Avrupa’da 4. Kuşak Türkler | Yazar: Osman Kılıç
Avrupa’da dördüncü kuşağa ulaşan Türkler, dil ve kültürlerinden uzaklaşarak eğitim ve toplumsal uyum sorunlarıyla karşılaşırken, bu zorluklara rağmen umut vaat eden, hedeflerine ulaşmak için mücadele eden gençlerin varlığı geleceğe dair umutları yeşertiyor.
Avrupa’da Türk nüfusu sürekli artış gösterirken, birinci kuşaktan itibaren geçen yarım asırdan fazla sürede dördüncü kuşağa ulaşılmıştır.
Birinci kuşaktan dördüncü kuşağa kadar, Avrupa’daki Türkler çeşitli sorunlar yaşamış, her kuşak kendi özgü sorunlarıyla karşılaşmıştır. Ancak, bu sorunların çözümü noktasında ne Avrupa ülkeleri ne de Türk toplumu ciddi adımlar atmıştır. İlk kuşak dil ve kültürel adaptasyon sorunları yaşarken, dördüncü kuşağa gelindiğinde, bu bireyler kendi dil ve kültürlerinden giderek uzaklaşmıştır. Özellikle Avusturya’da doğup büyüyen nesiller, Avusturya ve Alman kültürüyle yoğrulmuştur.
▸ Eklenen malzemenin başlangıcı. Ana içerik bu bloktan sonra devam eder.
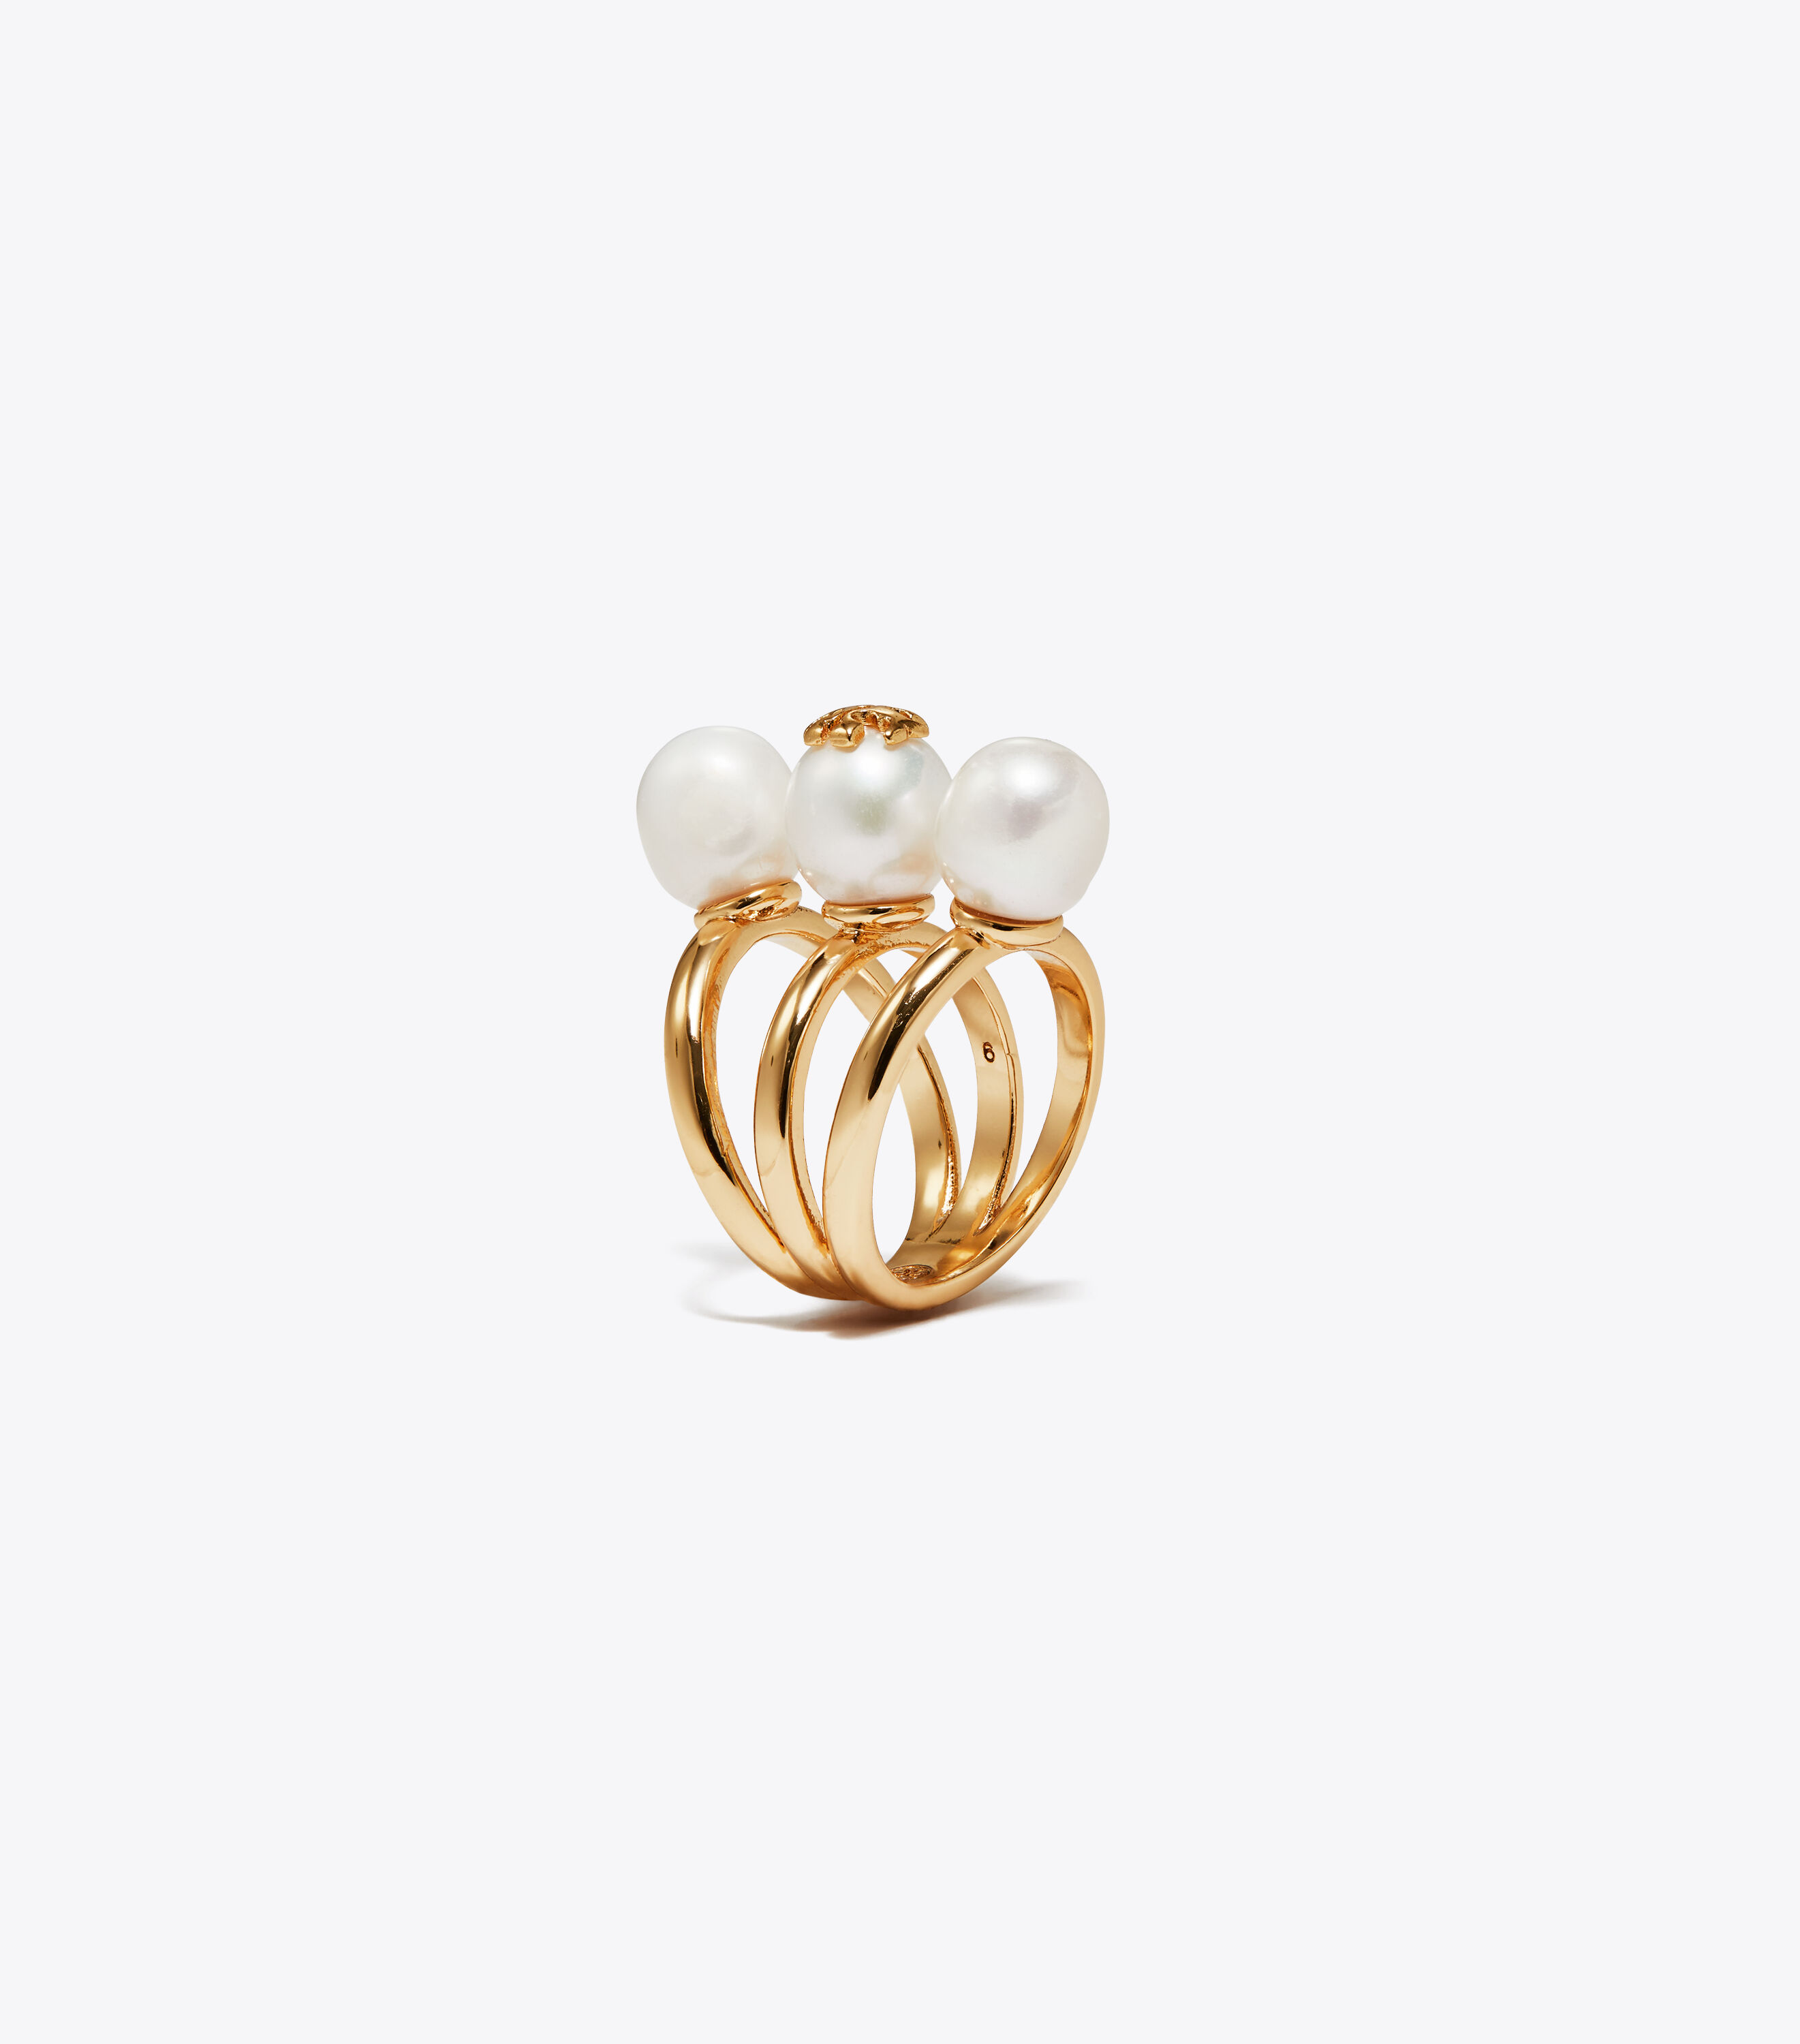 Tory Burch Pearl Ring Outlet | bellvalefarms.com

Eğitim ve gelecekleri açısından Almanca öğrenmeye teşvik edilen bu kuşaklar, kendi öz kültürleri ve dillerine yabancılaşmışlardır. Hatta rüyalarını Almanca görmeleri, kendi değerlerine karşı duyarsızlaşmaları anlamına gelmektedir. Türkçe bilgileri sınırlı olan bu bireyler, Almanca Türk karşıtı edebiyatı ve basını takip etmekte, Türk kültürüne ve Türkiye’ye karşı önyargılara kapılmaktadırlar. Bu, biz gurbetçileri derin düşüncelere dalmaya itmektedir. Türkiye’nin iç politika çekişmeleri, iktidar kavgaları ve Avrupa ülkeleriyle olan gerilim politikaları, Türklere karşı tutumların daha da sertleşmesine neden olmuş, bu da zaten mevcut olan tarihsel önyargıları daha da pekiştirmiştir. Türk toplumu, medyatik baskıların, fiziksel saldırıların ve sistematik sindirmelerin hedefi haline gelmiştir. Bu olumsuz koşullar gençlerimizin eğitimini de olumsuz etkilemektedir. Eğitimi yarım bırakan genç nesil, toplumda marjinalleşerek ayrı bir grup oluşturmuş, bu da suç oranlarının artmasına ve iki kültür arasında bir kimlik bunalımına yol açmıştır. Uyuşturucu kullanımı, şiddet eğilimleri ve sosyal uyumsuzluk, geleceğimiz adına endişe verici sinyallerdir. Ancak umutsuzluğa kapılmamak gerek, zira zor koşullara rağmen ayakta kalmayı başaran, parlak bir geleceğe sahip, büyük hedefler peşinde koşan müstesna gençlerimiz de var. Bu gençler, tembellik ve kötü arkadaş çevresini hayatlarından uzak tutarak, umutlarımızı yeşertiyorlar.